# 1 ton dump vs 3/4 pickup



## Four Seasons (Jan 7, 2008)

Just wondering what everyones preferences are for plowing driveways and private roads. I notice the bigger guys more often are using 1 ton dumps. SRW pickups would be easier but the beds bumpers and tail lights can get beat up pretty easily.


----------



## sven1277 (Jan 15, 2008)

We do our commercial properties with 1ton dumps with blizzard plows and the residential with a 3/4 ton with a hiniker c-plow. Its a great system for us.


----------



## ducaticorse (Oct 16, 2012)

WTF would you want a dump truck for doing resi driveways if you had a choice?? 100% SRW 3/4 or one ton SRW. I have a hard enough time geting my F350 pickup around in the city, absolutely forget about it with a dually dump.


----------



## Four Seasons (Jan 7, 2008)

Im not in a city but driveways can still be tight no matter what so I know what you mean. Ive been thinking about putting a flatbed on my 2500 instead


----------



## got-h2o (Sep 26, 2008)

Most guys that run dumps already have and need dumps for purposes other than plowing. Buying a dump strictly for plowing isn't too common. Visibility from in the cab is a huge factor, not to mention duallies get terrible traction in comparison.


----------



## abbottfarm (Dec 27, 2010)

I plow with 3 3/4 ton pickups and one 1-ton dump. I can do everything with the dump that the guys do with the regular pickup, just you have to be a little more cautious and pay attention to what your going and what is going on around you.


----------



## 2_Djinn (Dec 20, 2004)

I worked for a company who had a fleet of 3500's . They would fab the cab guards so that they could unbolt them in the winter. Made plowing in them alot better granted they were still used on fairly large lots that were ideal for them.


----------



## Team_Arctic (Feb 24, 2008)

Plow residential with a jeep use the dumps on large lots.


----------



## cet (Oct 2, 2004)

Four Seasons;1553784 said:


> Im not in a city but driveways can still be tight no matter what so I know what you mean. Ive been thinking about putting a flatbed on my 2500 instead


I think a flatbed on a 2500 is an excellent choice.


----------



## WIPensFan (Jan 31, 2009)

You guys are all wrong about the duallies on drives. Can't be to big of a truck though. Unless you have a salter in the back of the dump, you can see real well out of them. The way my 07' 1 ton is set up for drives, I would *never* trade it for a SRW pickup.


----------



## underESTIMATED (Jul 2, 2010)

After several plows this year with my new dump truck, im more comfortable about using it. 

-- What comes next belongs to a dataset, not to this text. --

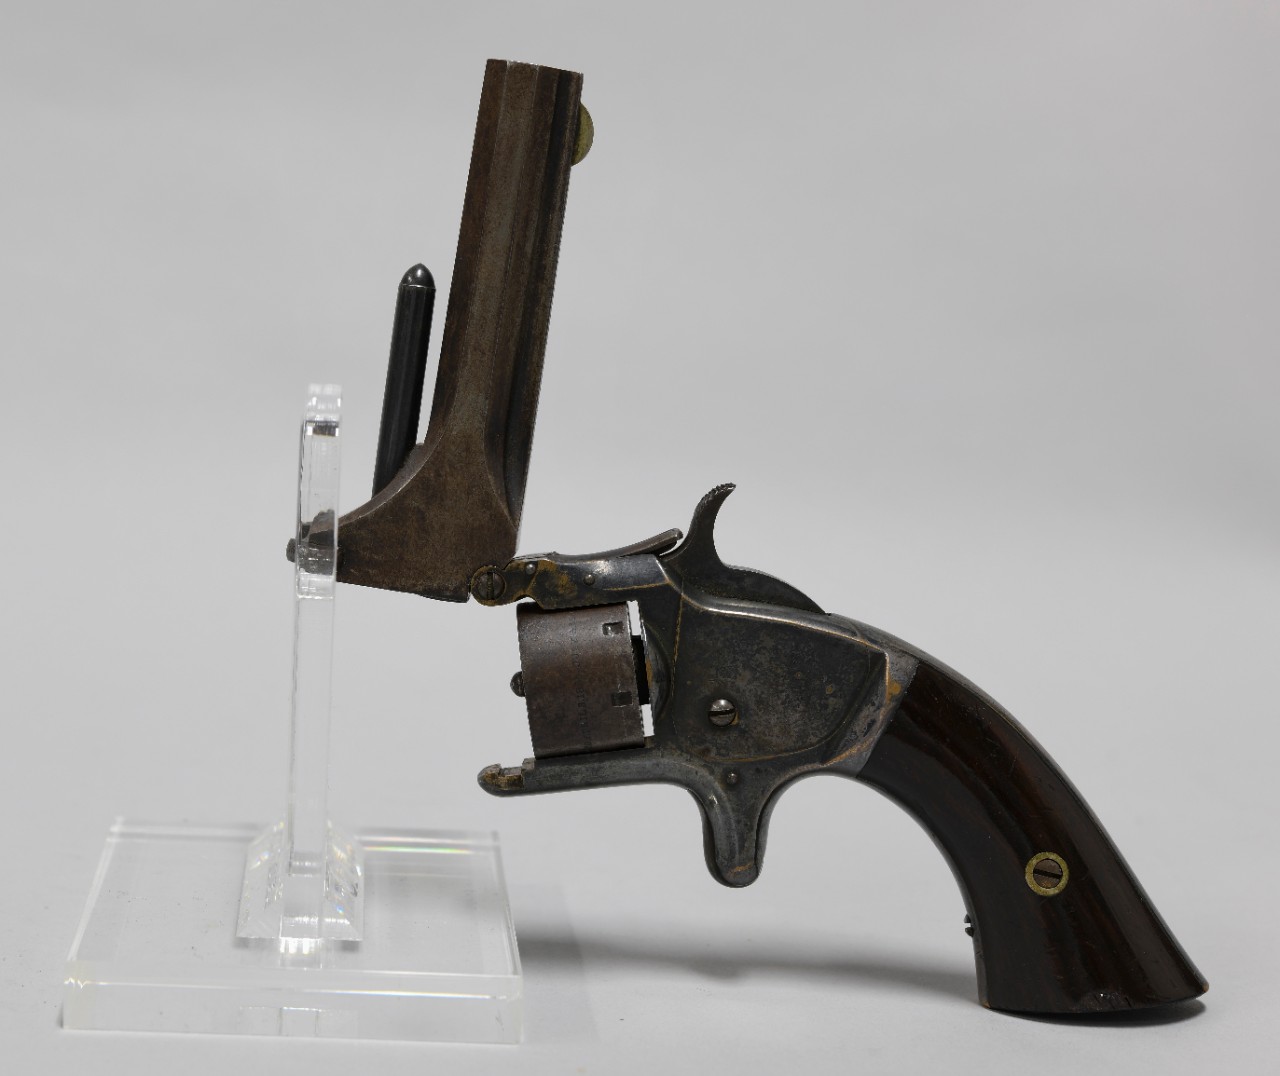 <p>Reverse view of .22 caliber Model No. 1 Smith &amp; Wesson bottom-break revolver. Metal frame with polished wood grip. Barrel opened.</p><p>&nbsp;</p><div style="left: -10000px; top: 0px; width: 9000px; height: 16px; overflow: hidden; position: absolute;"><div>&nbsp;</div></div>

The lack of 360 visibility certainly sucks, but you get used to it after several hours/occasions. 

The traction factor is a huge difference, but im usually carrying 1.5-2 ton of salt in the spreader. 

Driveways are much harder to do than my 2500hd was. But still manageable.


----------



## 94gt331 (Oct 21, 2011)

I plow with a 3500 dually crew cab 8 ft bed with a spreader on it, It's a challenge on driveways because it's so long but I got use to it. I have 2 regular cab 2500's also and they work better on the driveways naturally. I would love to buy a Ford Ranger or jeep with a nice small plow for driveways only, that would be my ideal choice some day. I find myself taking the blower off the truck half the time on most driveways because I get sick of backdragging and running over the snow and making pack and ice. As someone else stated dually's do suck for traction especially going up hilly lanes.


----------



## Brian Young (Aug 13, 2005)

My opinion....we had a 1 ton that my employee's mostly ran and I had the pleasure of running a few times. Everyone hated it! Between the windows getting frosted and covered in a salty film you couldn't see out of it at all. Unless you have a use for it in the summer I don't think there's any need for a 1 ton dump plowing driveways. They are expensive to run and own with no real advantage over a P/U for driveways or even small lots. We do a Lowe's with a 1 ton SRW flatbed and it has no problems making a full run with a load of snow and when its loaded even with a little bit of salt in the v box its pretty much unstoppable even in 2wd. All trucks we buy from now on are going to be flatbeds and installing a hoist under them.


----------



## Spool it up (Oct 30, 2012)

i agree with BY . a srw 350 with a vee box will be sufficient for your application .


----------



## My bowtie (Jan 15, 2008)

My '11 DRW 1 ton dump gets better traction then my 07 SRW ever thought of getting...
Still need weight in the bed tho.


----------



## vlc (Dec 8, 2012)

I have both a 1 ton DRW dump and a 3/4 ton pickup. Definitely like the pickup better for driveways! But my help uses that truck, so I'm stuck with the dump. It takes a little more finesse, but it gets the job done.


----------



## peteo1 (Jul 4, 2011)

I plowed for years with a one ton dump and an ez-vee. I loved that set up for just about anything. The only time it was a pain was when I had to plow driveways that were on private roads. Private roads around here are always pretty narrow. Other than that I would love to have another one but I can justify the cost for just a plow truck.


----------



## V_Scapes (Jan 1, 2011)

I learned to plow in a 1 ton dump in a tight condo complex. you can move alot of snow in a mason dump with a 9' blade and make short work of decent sized lots. ive never really had a problem with traction in my dump truck, i dont even put any ballast weight it in. i used to plow driveways with it but it was a chore to even get the truck in position to make a run up the driveway. its much harder to turn a mason dump in 4wd. now i plow my resis with my 2500 w/ 8' western. after plowing for years in a dually 1 ton then going to a pickup i can be much faster and more efficient. its easier to turn and much easier to back up. but like others have said the visability in a dump is the biggest drawback.


----------



## wahlturfcare (Oct 24, 2005)

i run all duall wheel trucks mainly for the extra weight, better traction with 6'' wide tires on them and love them.
2 of the trucks run v box spreaders in the back along with sidewing plows and dont have any problems doing residentials.


----------



## Spool it up (Oct 30, 2012)

vlc;1554460 said:


> I have both a 1 ton DRW dump and a 3/4 ton pickup. Definitely like the pickup better for driveways! But my help uses that truck, so I'm stuck with the dump. It takes a little more finesse, but it gets the job done.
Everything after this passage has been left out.